Tapping Vicky Krieps as Sharon, Bill Murray as Joe’s barkeep manager, Danny Huston as an oily lawyer, Rosemary DeWitt as a mysterious romantic prospect and Dustin Hoffman as a joke-cracking, noodle-slurping pathologist, Garcia scraped independent financing together (‘I could never get any support from traditional studios or streamers’) to make his movie in 25 days over 40 locations and 59 sets. As if he didn’t already have enough to do, he also co-wrote the music with jazz legend Arturo Sandoval, and personally performed the Diamond theme. Though it’s period specific and loaded with noir touches and muted trumpets, Diamond is still very much its own thing, says Garcia. ‘It was very important not to fall into the trap – all of us – of ‘this is film noir, and we’re going to smoke the cigarette, and am I a villain or will I be a gentleman or whatever?’ There has to be a true humanity.’ As an actor/director he felt at ease giving his cast what he calls ‘a sacred place for us to play’. ‘Once I know what the composition is, I don’t need to go back to the monitor and interrupt our flow, and say, ‘Let me look at that take, and see how you’re doing’. I’ve worked in movies, even with actors that aren’t directing, who do a take, and then they get up and look at the take. When the actor comes back I go, ‘hey, it’s me and you here. It’s not about what you see in yourself. You’re breaking the energy of what we’re doing here’.  It’s an insecurity. It’s very important that we’re going to discover this thing moment to moment, take to take. It needs to be alive.’

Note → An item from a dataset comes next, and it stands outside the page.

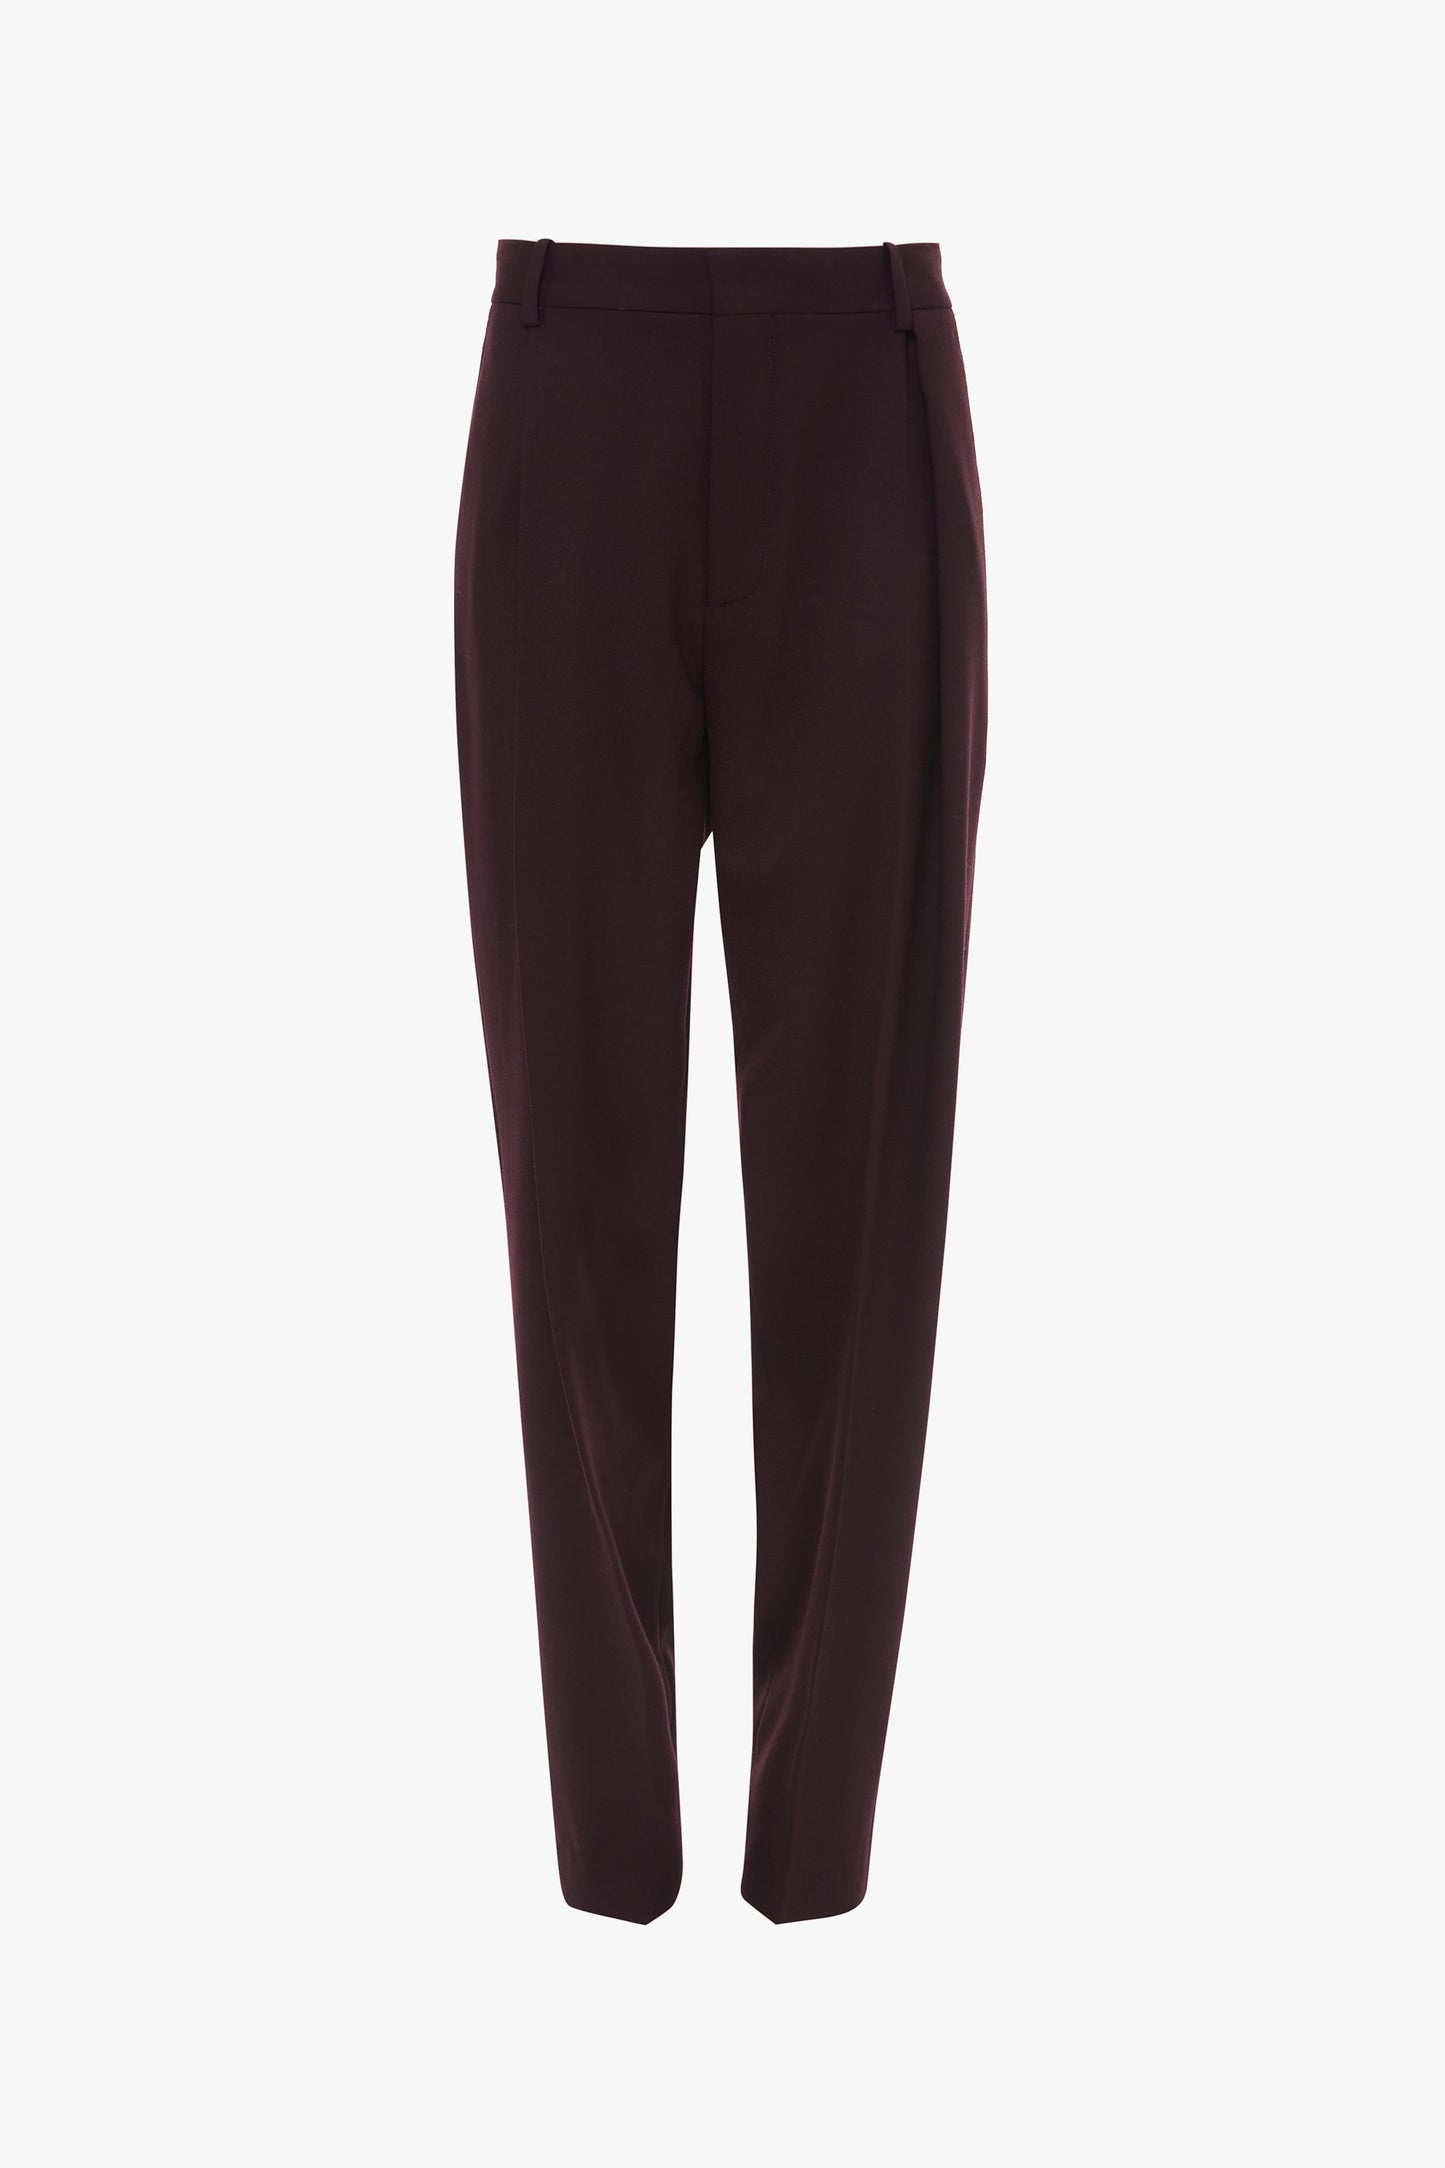 A pair of Victoria Beckham Asymmetric Chino Trouser In Deep Mahogany with a straight-leg fit, belt loops, and front pleats, displayed against a white background.

Diamond, The Untouchables, Dead Again, Phantom Thread

A recurring theme in the film is Joe’s dismissal of social media, despite being an urban legend on it – with people he encounters during his investigation understanding him through the lens of TikTok and wanting selfies. ‘The social media world, that whole thing – somehow, it does tank your life,’ Garcia muses. ‘It’s the death of tranquillity in a way. You have to make a choice. Do you abandon it all together, or use it in a constructive way to promote a piece of work? People are starting to make movies to watch on their iPhones. Things have to happen in the first three minutes of the story, or else people will turn it off. But this movie was definitely designed for a big screen.’